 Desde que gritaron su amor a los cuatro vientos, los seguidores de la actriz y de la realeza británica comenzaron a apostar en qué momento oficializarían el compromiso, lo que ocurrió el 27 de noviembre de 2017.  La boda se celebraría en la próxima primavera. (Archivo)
○ ○ ○
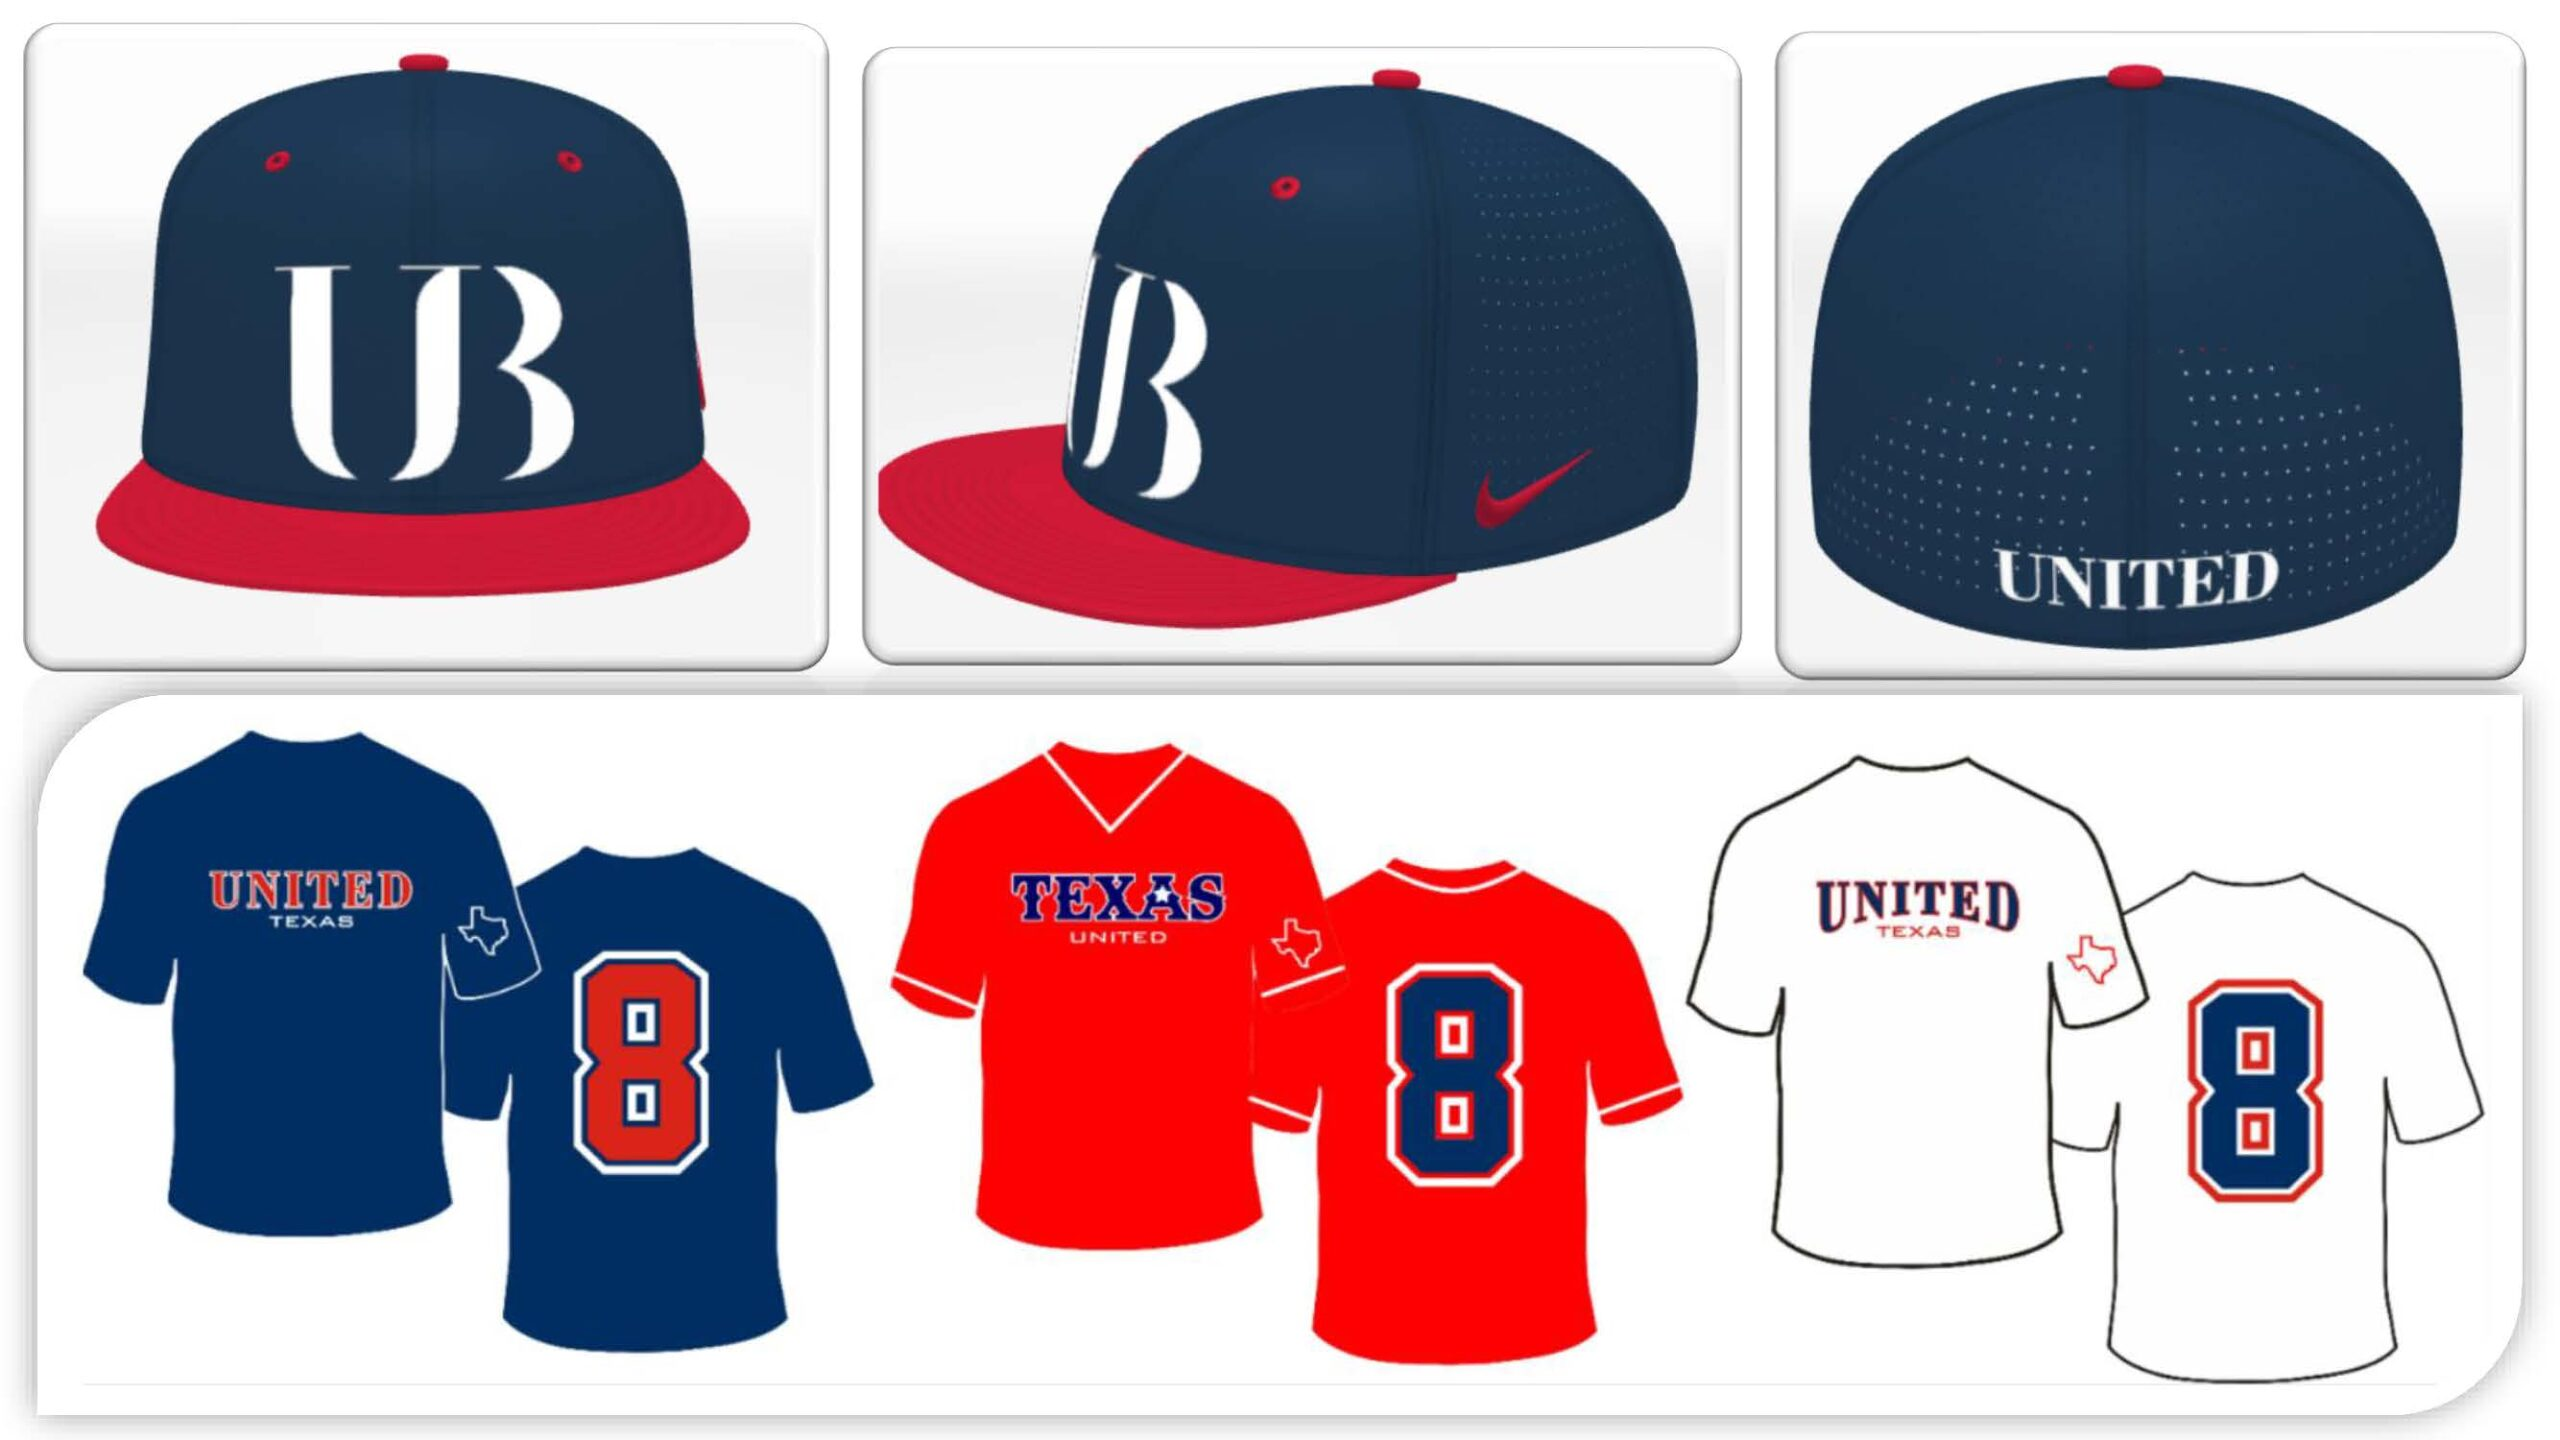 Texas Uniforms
○ ○ ○
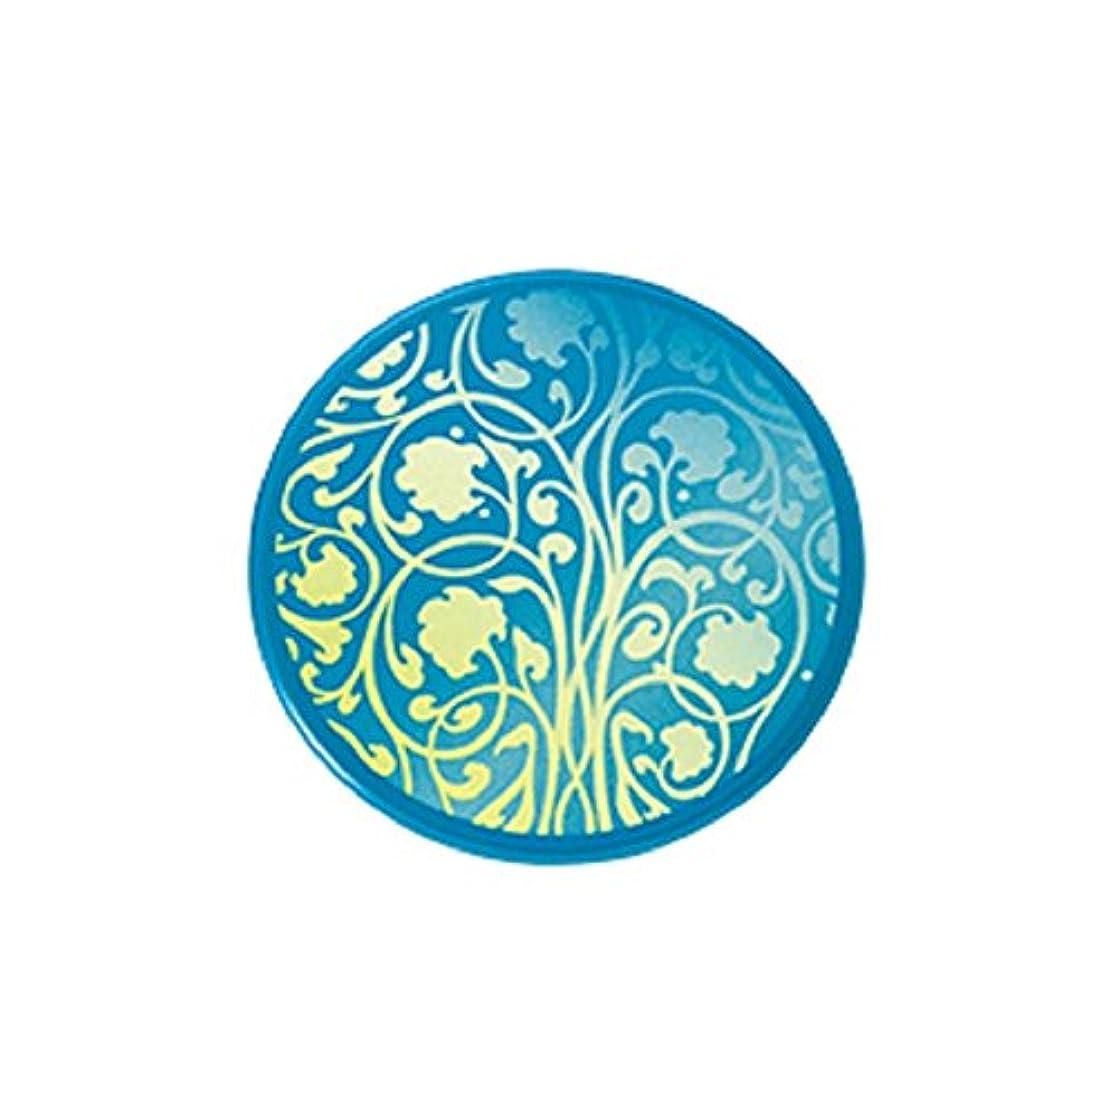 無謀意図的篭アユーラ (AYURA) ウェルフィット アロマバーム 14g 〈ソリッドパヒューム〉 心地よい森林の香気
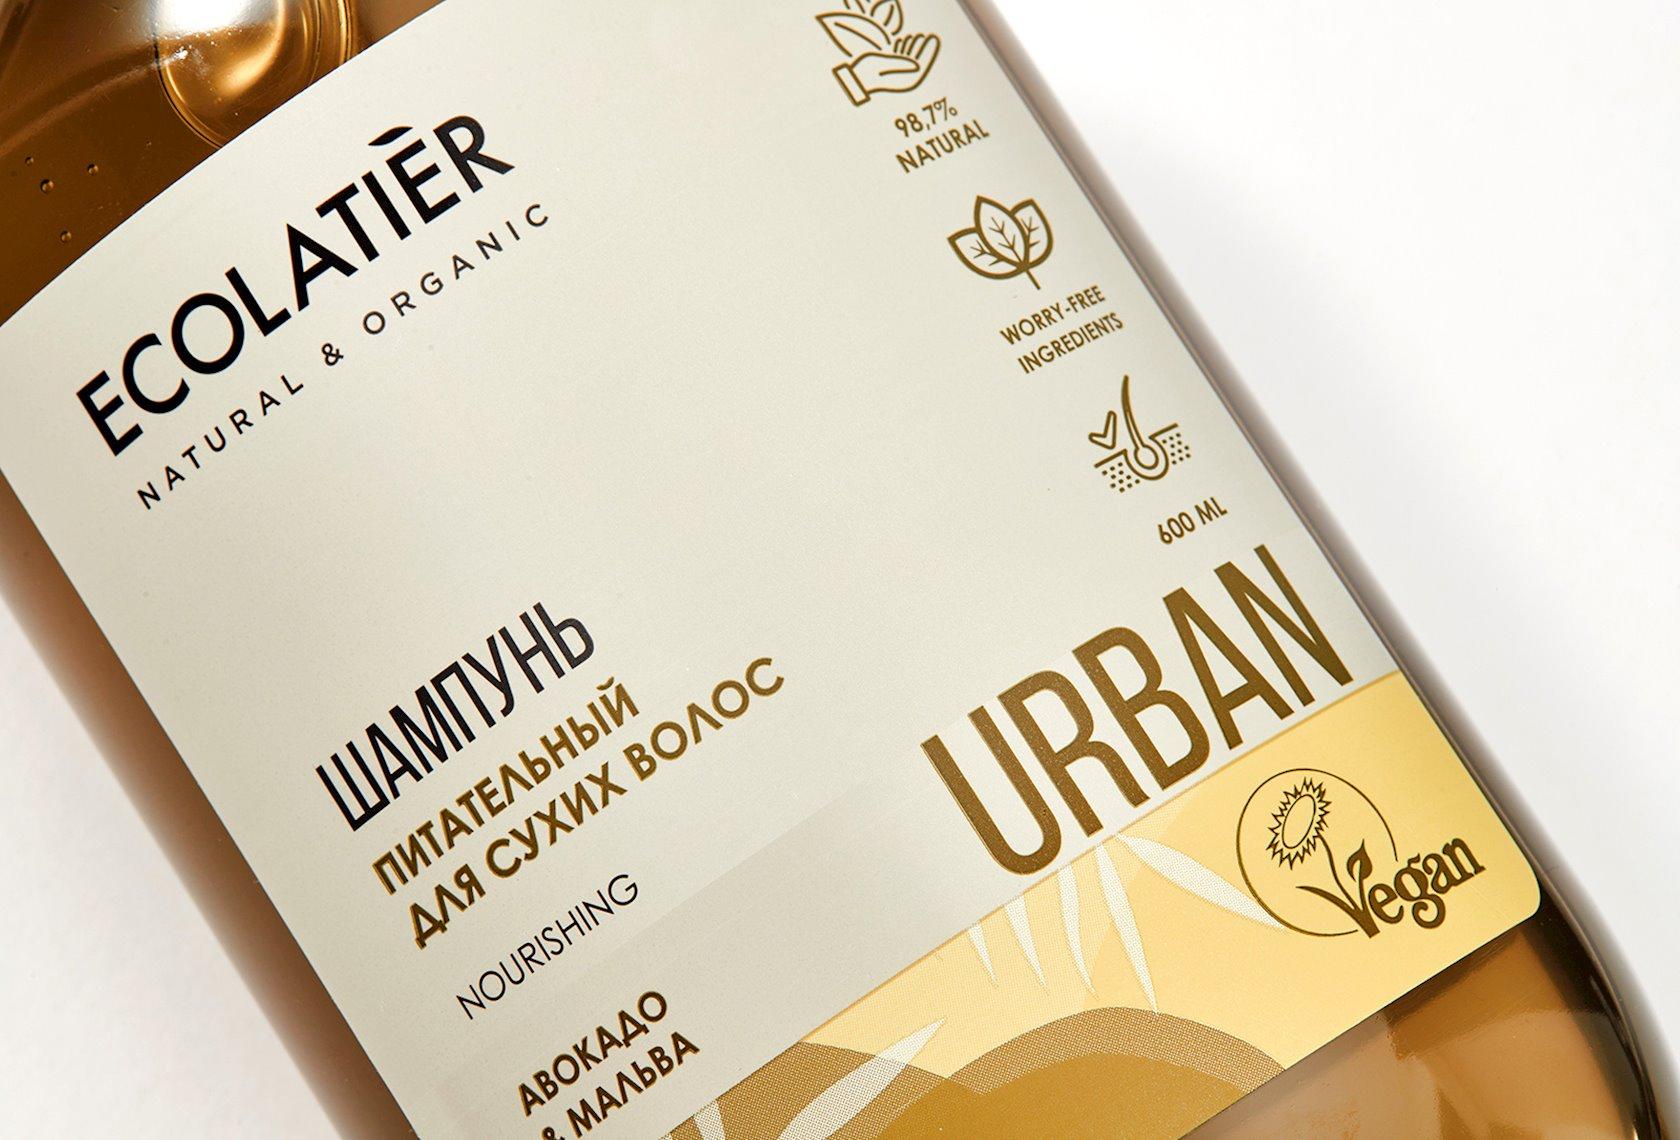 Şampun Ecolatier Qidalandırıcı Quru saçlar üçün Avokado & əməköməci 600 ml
○ ○ ○
#### [YOUR ASSIGNMENT]
Look above for the line with "無謀意図的篭アユーラ (AYURA) ウェルフィット" and the line with "Şampun Ecolatier Qidalandırıcı", then restate exactly those two lines and all lines between them, with no pictures.

#### [RESULT OF THE EXERCISE]
 無謀意図的篭アユーラ (AYURA) ウェルフィット アロマバーム 14g 〈ソリッドパヒューム〉 心地よい森林の香気
 Şampun Ecolatier Qidalandırıcı Quru saçlar üçün Avokado & əməköməci 600 ml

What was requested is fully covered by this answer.